The hard part for you all will be watching her learn and make mistakes. During the first month, she will be frustrated at having to learn. Tempers will rise. After that, she will be semi-skilled so she will run out of petrol money, burn dinner, forget to do her laundry, and more.
Do not fix it for her! If you rush in to fix it, you are teaching her that she can do sloppy work and you will pick up the slack.
Instead, stand back and let her work it out. If necessary, explain what needs to be done but don’t do it for her. She must learn to be self-sufficient.
Her learning curve will take several months. It will be very frustrating to watch so in that time, try to release your stress through walks, doing pleasant activities and reminding yourself that this parenting needs to be done.

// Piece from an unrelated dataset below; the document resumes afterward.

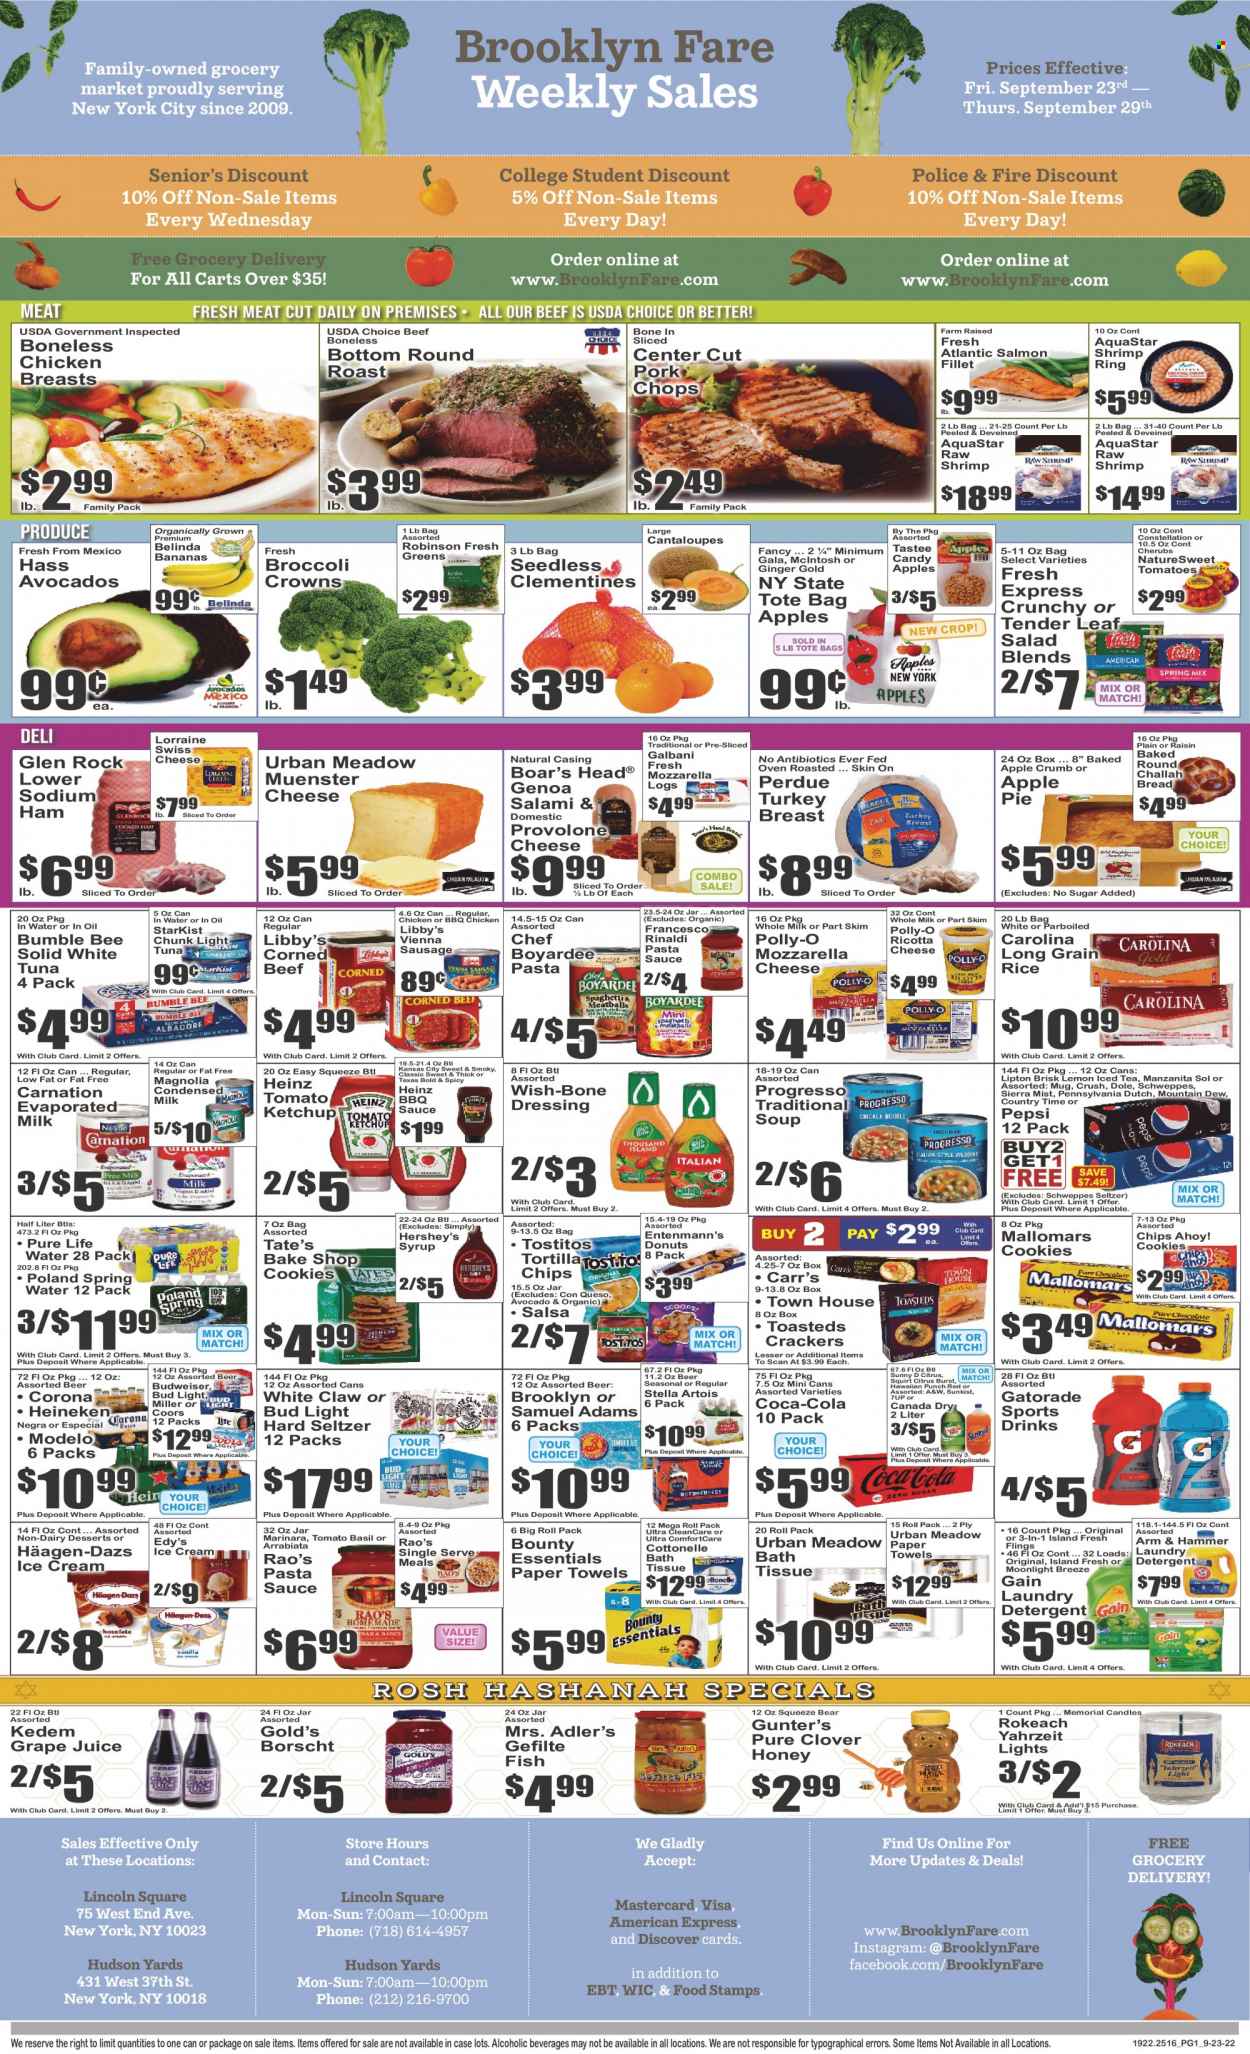 thumbnail - Brooklyn Fare Flyer - 09/23/2022 - 09/29/2022 - Sales products - bread, pie, apple pie, challah, donut, Entenmann's, cantaloupe, ginger, salad, Dole, avocado, Gala, salmon, salmon fillet, tuna, fish, shrimps, StarKist, pasta sauce, soup, Bumble Bee, sauce, Progresso, Perdue®, salami, ham, sausage, vienna sausage, corned beef, mozzarella, ricotta, swiss cheese, Münster cheese, Galbani, Provolone, evaporated milk, condensed milk, ice cream, Hershey's, Häagen-Dazs, cookies, Bounty, crackers, Chips Ahoy!, tortilla chips, chips, Tostitos, ARM & HAMMER, Heinz, light tuna, Chef Boyardee, rice, long grain rice, BBQ sauce, ketchup, dressing, salsa, honey, syrup, Canada Dry, Coca-Cola, Mountain Dew, Schweppes, Pepsi, juice, Lipton, ice tea, 7UP, A&W, Kedem, Sierra Mist, Country Time, Gatorade, spring water, Pure Life Water, White Claw, Hard Seltzer, beer, Bud Light, Corona Extra, Heineken, Miller, Modelo, turkey breast, chicken breasts, beef meat, round roast, pork chops, pork meat, bath tissue, Cottonelle, kitchen towels, paper towels, detergent, Gain, laundry detergent, mug, candle, tote, tote bag, Budweiser, clementines, Stella Artois, Coors. Page 1.

Should you all have a good sense of humour, laughter can really help. Learning life skills as an adult does have its funny side. So perhaps you want to watch Three Men And A Baby to destress.
If your daughter is lazy or entitled, then the same process must happen but there will be lots of anger. In such cases, the lazy adults refuse to learn, deliberately mess up, and they use anger and emotional blackmail to try and manipulate everyone.
This is a sad thing but unfortunately many people think they’re too good to do housework and they’ll do anything to make others their servants.
If this happens, it is vitally important you stick to your guns. Have a month where you’re willing to teach (not do for her!) and then she’s on her own. Turn a blind eye and deaf ear to the tantrums and sweet-talking. Focus on the goal.
With stubborn kids, some parents give a deadline by which their adult child must move out. While tough love has its attractions (especially when there are sulks and tantrums), do think carefully before using this nuclear option.
If she can’t afford rent and food on her income, it would be unkind to chuck her out. Your daughter must be able to sustain herself financially. So if she forces a situation where you tell her to pack her bags, do arrange for a small sum to go into her account for a few months.
I do hope you all get along and that this can be a family project. If not, push through and know you’re being a good parent and that she really needs these vital skills.
Good luck and know I’m thinking of you.